Segundo o depoimento prestado pela criança há 6 meses, o casal praticava sexo na frente da menina e tocava a garota. Os atos obscenos também seriam acompanhados de filmes pornográficos exibidos na televisão. Além dos relatos da menina, a família percebeu tumores e manchas brancas nos órgãos genitais da criança.

A acusação destaca que o a garota era familiar de Lorena, a namorada do coronel. Segundo testemunhas, Jaime costumava presentear a menina e dar dinheiro para que a namorada comprasse outros produtos para a criança.

Exames realizados pela Perícia Forense do Ceará (Pefoce) no corpo da vítima não encontraram esperma e atestaram que a membrana himenal e o ânus da mesma estavam íntegros. Mesmo após os resultados, a Dececa indiciou Jaime Neto e Lorena de Melo em setembro deste ano.

Palavras da defesa

Em sua defesa, os réus negam a autoria dos crimes. Os advogados alegam que a mãe da vítima prestou depoimentos que trazem “versões incongruentes entre si e em clara contradição em relação àquelas aventadas pelas testemunhas”; enfatizam os resultados negativos de violência sexual demonstrados em laudos periciais; e pedem a rejeição da denúncia do MPCE, “já que inexiste lastro probatório mínimo a embasá-la” – o que não foi acatado.

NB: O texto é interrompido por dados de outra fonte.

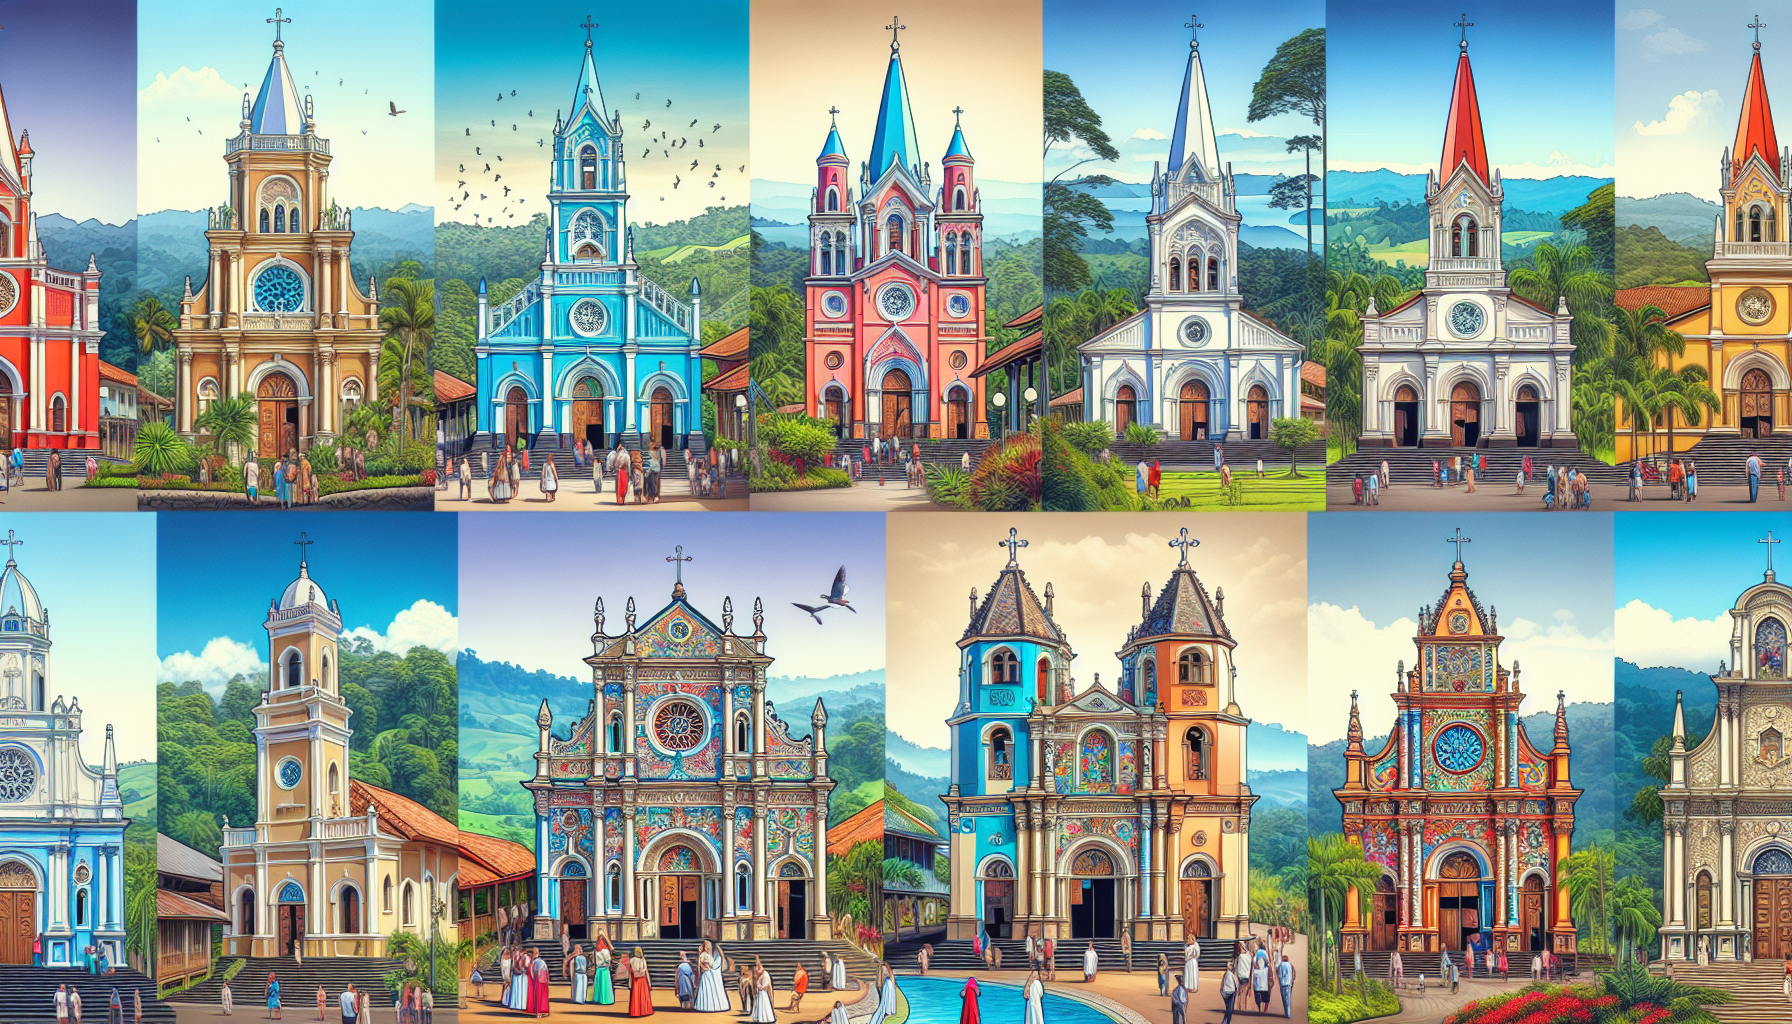 Digital artwork of stunning churches in Costa Rica, showcasing a variety of architectural styles from colonial to modern. The vibrant colors and intricate details of each church stand against the back

Já os advogados Mateus Henrique Rodrigues Araújo e Wyllerson Matias Alves de Lima, defensores da universitária, também em resposta à acusação, garantem que “jamais houve qualquer tipo de conduta inadequada da requerente e da pessoa do oficial (…) muito menos qualquer odioso ato de abuso sexual”. Conforme a defesa, a criança “foi induzida pela mãe para inventar as malfadadas acusações”.

Investigação

Em nota, a Controladoria Geral de Disciplina dos Órgãos de Segurança Pública e Sistema Penitenciário (CGD) afirmou que determinou a instauração de investigação preliminar para a devida apuração do fato na seara administrativa e que esta já está em andamento. Segundo a CGD, as investigações possuem caráter reservado.